好半響,她才找到了自己的聲音,卻又像是滿不在乎一般,“她病重又怎麽樣?這又關我什麽事?”
大概是沒有料到她會這樣子回答,席墨寒先是楞了一下之後,忽然就沉沉的叫了一聲她的名字,“甯宛!”
甯宛直接偏頭看向車窗外沒有看他,語氣也開始多了幾分不善,“席墨寒,你這樣子做,你以爲我會感謝你嗎??”
男人薄唇輕抿着沒有說話,隻是臉色有些不好看。
甯宛忽然感覺自己的鼻子有些酸澀,連忙深呼吸了一口氣強忍住自己想要流淚的沖動,甚至是低低的笑了一聲,然後諷刺的開口道,“我不會感謝你,反而會覺得你多管閑事,你都和甯嫣兒那女人訂婚了,爲什麽還跑來招惹我?我不喜歡你了,很早之前就不喜歡你了......現在不會喜歡你,就連以後也不會......”
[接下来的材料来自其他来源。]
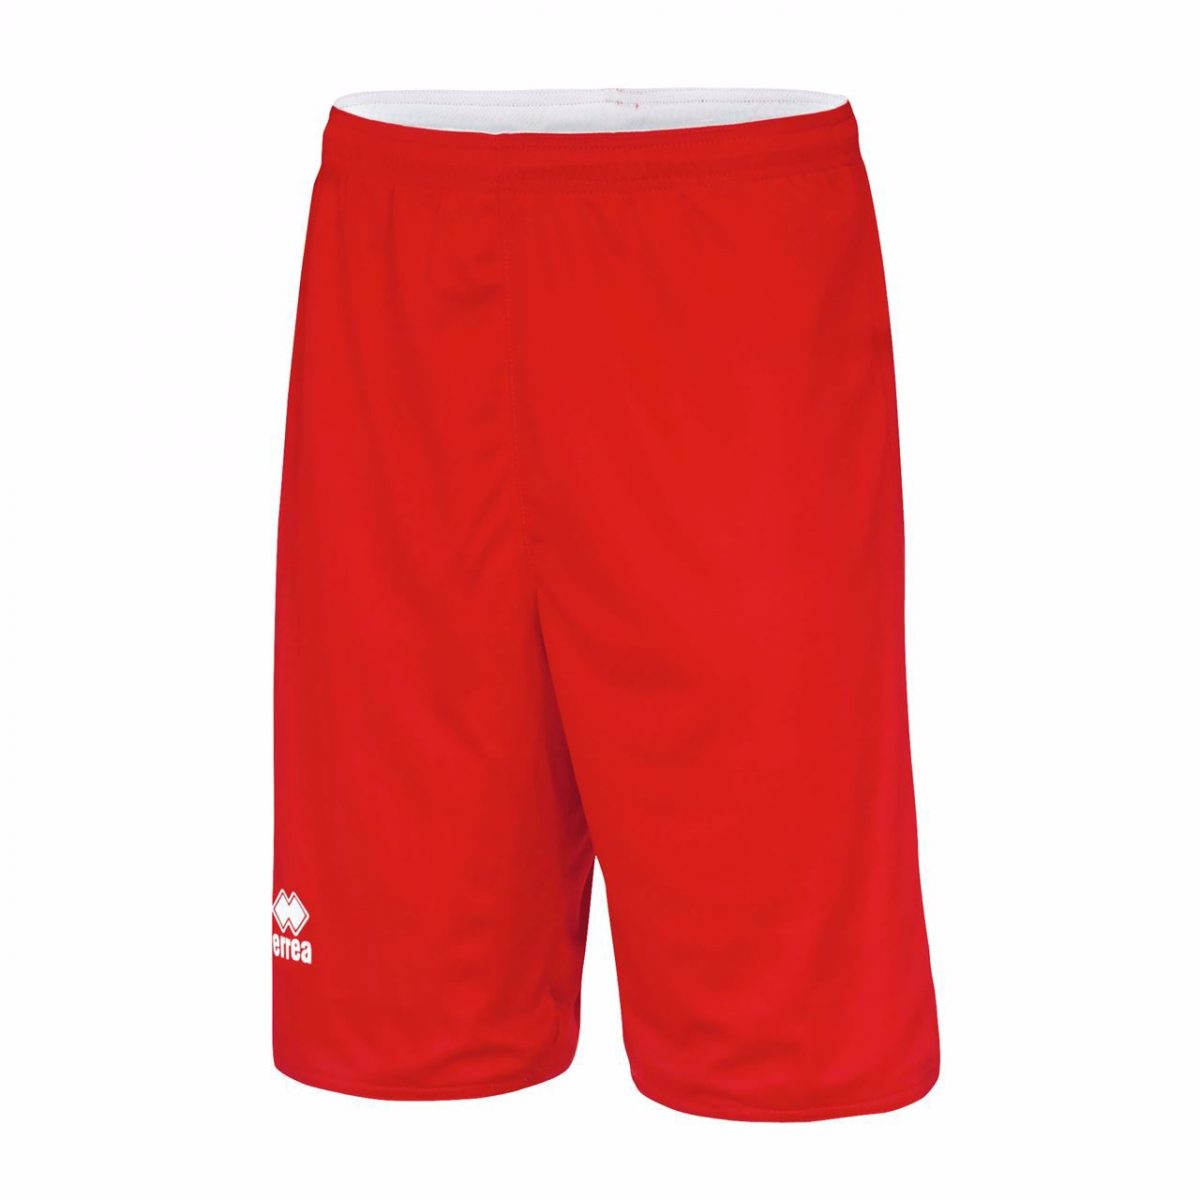 Errea CHICAGO Double Shorts - junior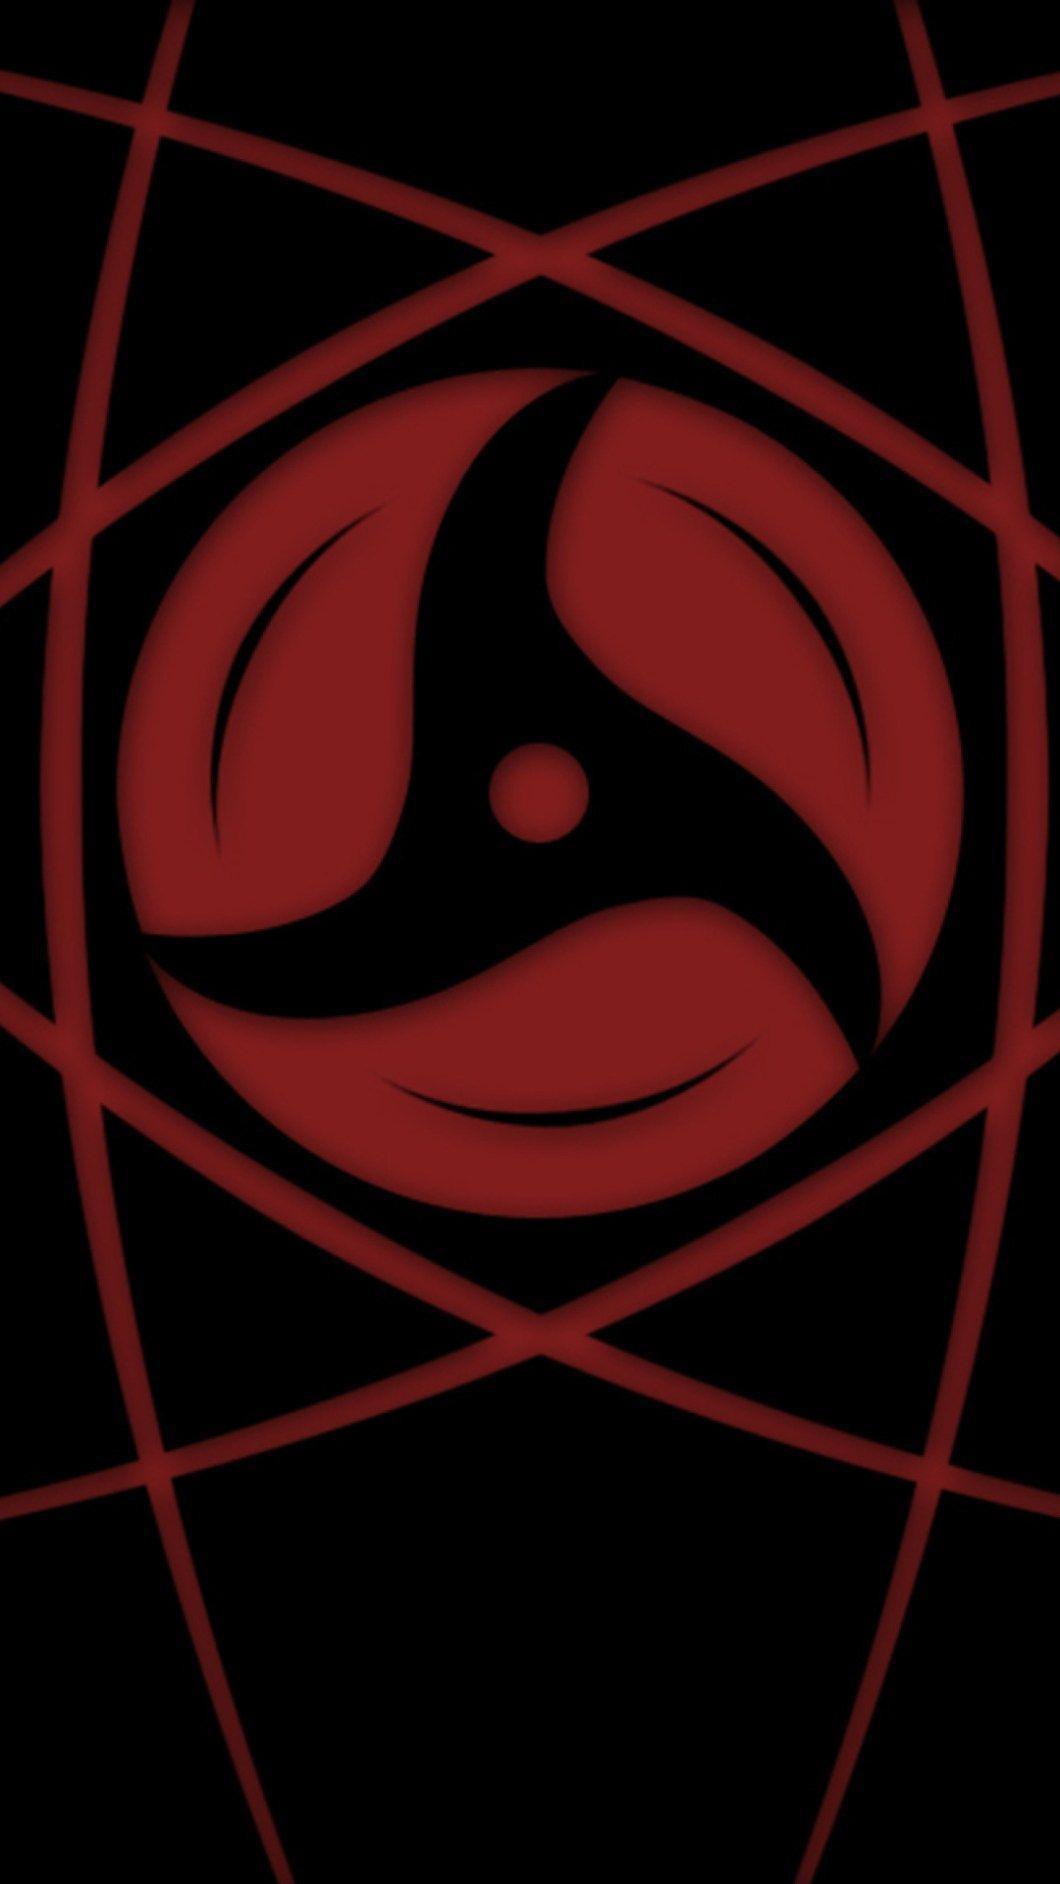 Naruto Iphone Wallpapers Top Free Naruto Iphone

後面她的聲音越來越小,就像是在低語輕喃一般,可是這聲音席墨寒卻是還是能夠聽的一清二楚,頓時男人的那一張俊臉徹底黑了,整個人的臉色都不好看。
前面開車的司機同樣也聽到了甯宛的話,心裏面剛暗叫了一聲不好,立刻就感覺到小小的車廂裏面氣壓一下子就降低了很多,讓司機的呼吸下意識便降低,幾乎是全神貫注的看着前面的道路。
甯宛也感覺到身邊男人身上散發的氣息有變化,放在身側的手忍不住緊了緊,實際上她心裏面甚至已經是有種想要讓司機停車的沖動了,甚至是就算是不停車自己也可以跳車......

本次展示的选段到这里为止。